By leveraging synthetic datasets using NVIDIA Omniverse, OpenUSD, and FiftyOne data curation, ML engineers can achieve comprehensive coverage and significantly augment training sets, without the burden of extensive manual data collection or labeling.

Come see a live demo of FiftyOne and NVIDIA Omniverse to learn how you can bridge the gap between synthetic and real-world data curation:

Visualize and inspect synthetic scenes at scale
Organize and curate multimodal datasets for training and testing
Analyze 3D reconstructions of real scenes using NVIDIA’s Neural Reconstruction Engine
Augment your data with NVIDIA Cosmos world foundation models to imagine your samples like never before

📍See it in action at the CVPR booth #1417 with Voxel51 and NVIDIA, and meet with the experts from both companies.

Zero-shot auto-labeling with near-human labeling performance at a fraction of the cost

Manual labeling has traditionally been one of the biggest bottlenecks in getting computer vision models into production due to the time, cost, and accuracy implications. As foundation models advance, zero-shot labeling is emerging as a viable, scalable path to building high-quality datasets—without the manual burden.

We’re excited to introduce a new approach to AI-assisted annotation that combines Voxel51’s expertise in data curation with automated labeling and QA workflows. Our research on Verified Auto-Labeling shows that this approach achieves 95% of human-level performance while being 5,000X faster and cutting costs up to $100,000X.

To put it in perspective, a dataset such as COCO, consisting of ~850K objects, takes human labeling a total of 1,653 hours and $30,598 in costs, compared to ~27 minutes and just $0.42 with Verified Auto-Labeling.
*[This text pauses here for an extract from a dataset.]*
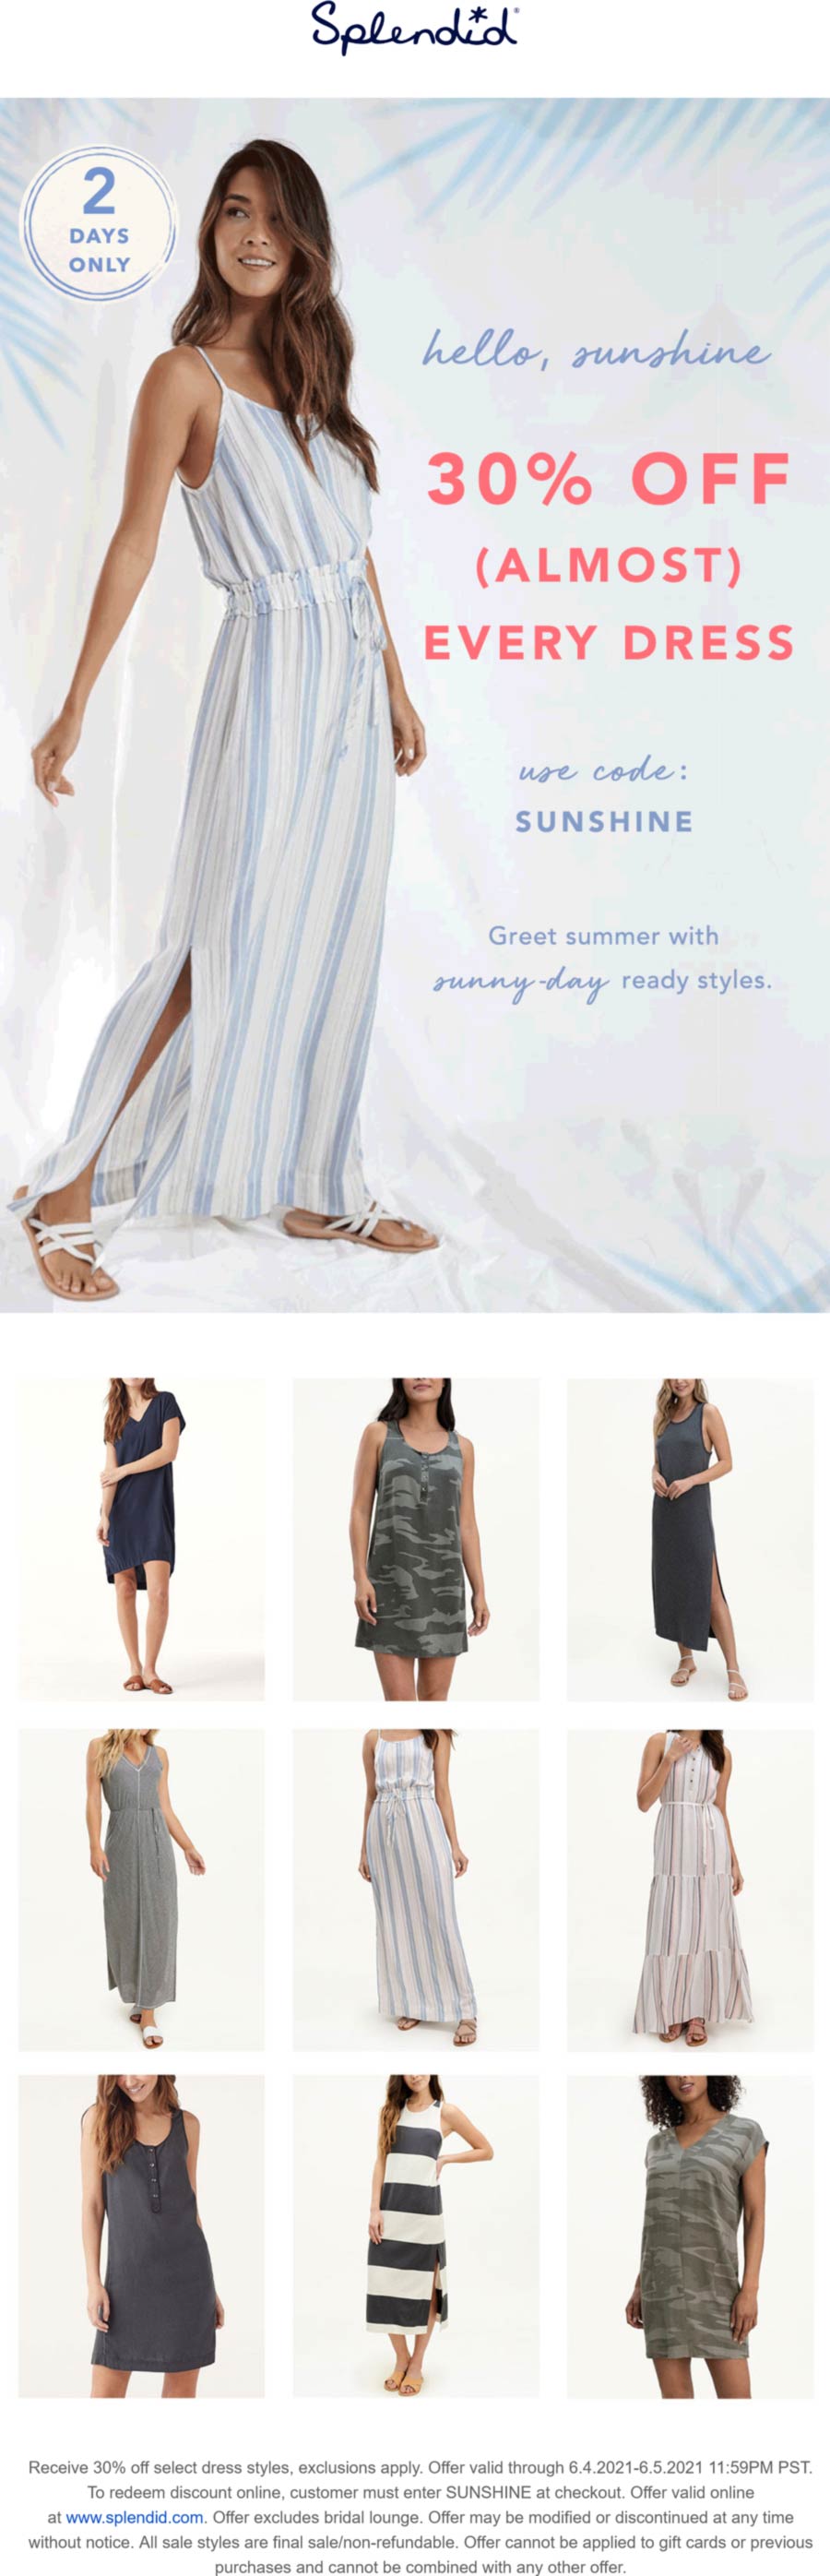 Splendid stores Coupon  30% off dresses at Splendid via promo code SUNSHINE #splendid

And with almost the same model performance! That’s mind-blowing and changes the paradigm of computer vision data workflows!

Curious to see how it works?

📍Stop by the booth #1417 to get hands-on with the product.
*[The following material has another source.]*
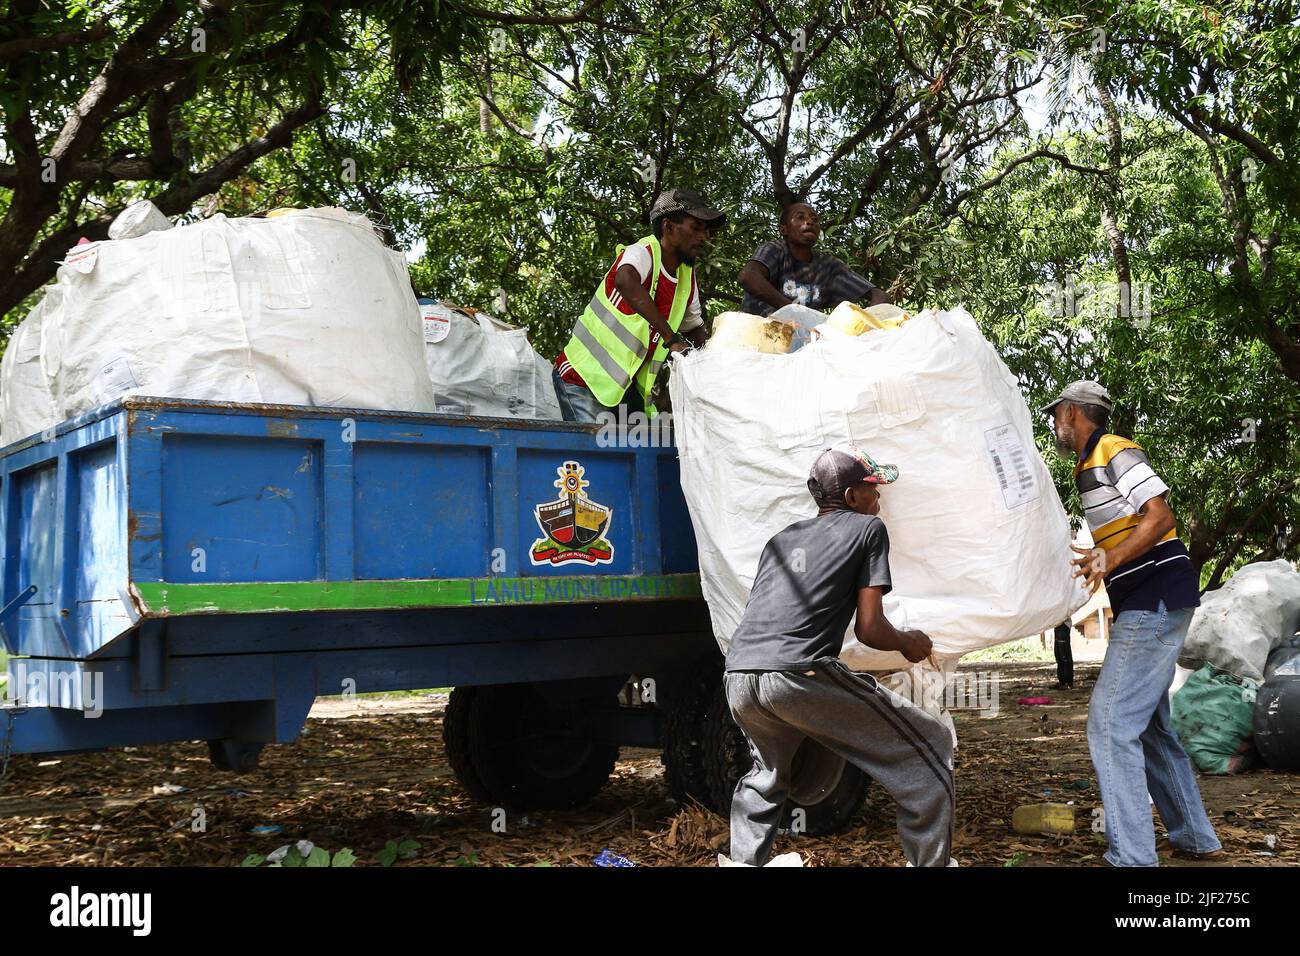 Los miembros de un grupo ambientalista comunitario, Weka Lamu Safi (Mantener Lamu Limpio), cargan en un remolque de tractor una semana de recolección de residuos plásticos recolectados dentro de la isla de Lamu antes de venderlos a la organización FlipFlopi para su reciclaje. La Organización FlipFlopi en 2019 construyó un velero casi enteramente de residuos plásticos reciclados recolectados en las orillas del Océano Índico. La contaminación causada por las actividades humanas ha afectado negativamente a los océanos. El Presidente de Kenia, Uhuru Kenyatta, en su discurso durante la conferencia oceánica en curso en Lisboa, Portugal, dijo que la contaminación plástica es enfermiza y contami Foto de stock

Solving the Video Understanding Challenge with Voxel51, Twelve Labs, and Databricks

Video analysis techniques have historically involved a labor-intensive pipeline that includes manual annotation of frames or the use of scripts scrubbing through hours of footage using timestamps or scene changes. These manual approaches are expensive and error-prone, making it extremely challenging to detect precise scenarios, e.g., “a red car stopping at a traffic light” across an unlabeled video collection.

State-of-the-art embedding techniques encode video content into searchable representations so you can perform similarity searches without the need for explicit video annotations.
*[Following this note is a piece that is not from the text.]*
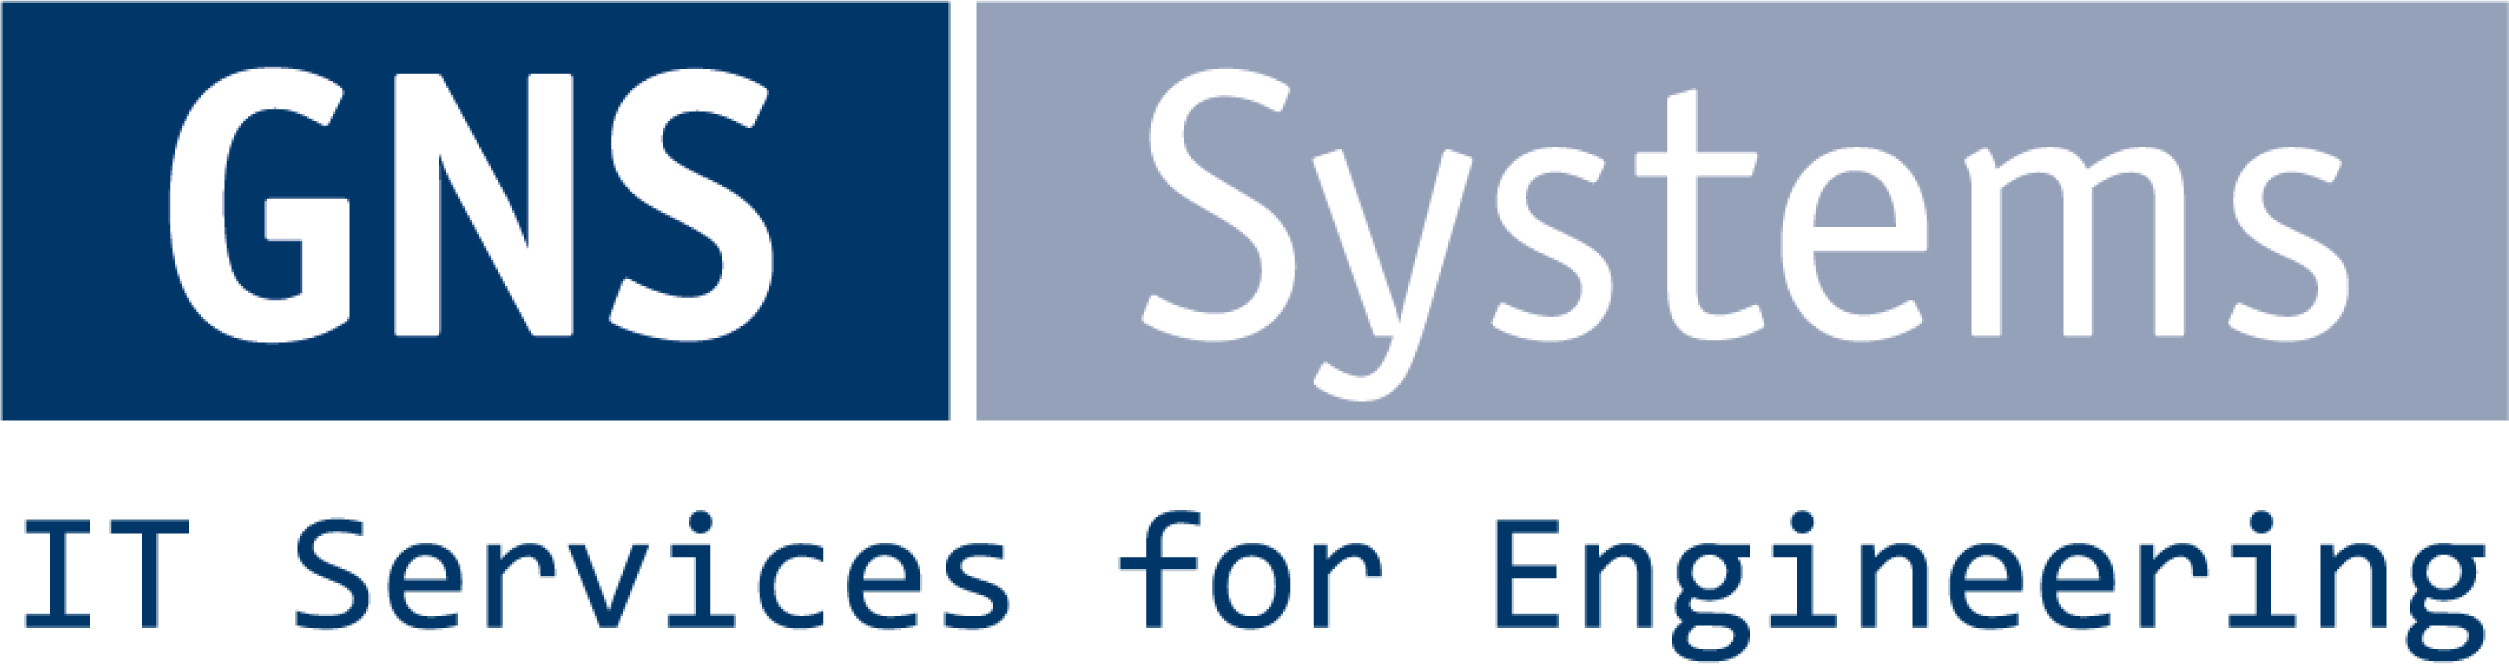 Logo GNS Systems EN 4c 300dpi

Learn about an integrated approach to understanding your video content using rich embeddings, fast similarity searches, and a visual user interface that streamlines the exploration of relevant video segments.

In this demo with TwelveLabs, Databricks, and Voxel51, you can simplify video understanding and curation by learning how to:

Generate rich, multimodal embeddings (video+audio+text) using Twelve Labs’ foundation models
Index and search those embeddings for fast, cloud-scale retrieval with Databricks Vector Search
Run searches, visualize results, and refine datasets with FiftyOne

📍 See this workflow in action at the Voxel51 booth

Voxel51 Workshops and Talks

Join Voxel51 researchers to explore high-impact computer vision challenges ranging from anomaly detection to real-world deployment in agriculture.

VAND 3.0: Visual Anomaly and Novelty Detection

Researchers from academia and industries such as Bosch will present and discuss recent developments, opportunities and open challenges in the area of anomaly detection. Encourage the development and benchmarking of new algorithms by participating in the anomaly detection challenge! Organized by top researchers from AWS AI Labs, Voxel51, Intel, Durham University, and many others.

When: June 18, 2025

Where: In person and on Zoom

Workshop Info

Agriculture-Vision: Visual AI in the Field

Learn how researchers and practitioners are applying computer vision to real-world agricultural challenges—from crop segmentation to weed detection and disease prediction.

Tutorial: June 12, 2025 @8:30 am | Tutorial Info

Workshop: June 12, 2025 @1pm | Workshop Info

Our partners at the NVIDIA research team have over 60 papers and 15+ workshops.

Check out the workshop on “Exploring the Next Generation of Data” where the NVIDIA team addresses the challenges of curating NeXD25, high-quality, scalable, and unbiased data for foundation models in safety-critical applications.

Interesting CVPR Research Papers

Here are some interesting CVPR papers we’re watching that we think you should too!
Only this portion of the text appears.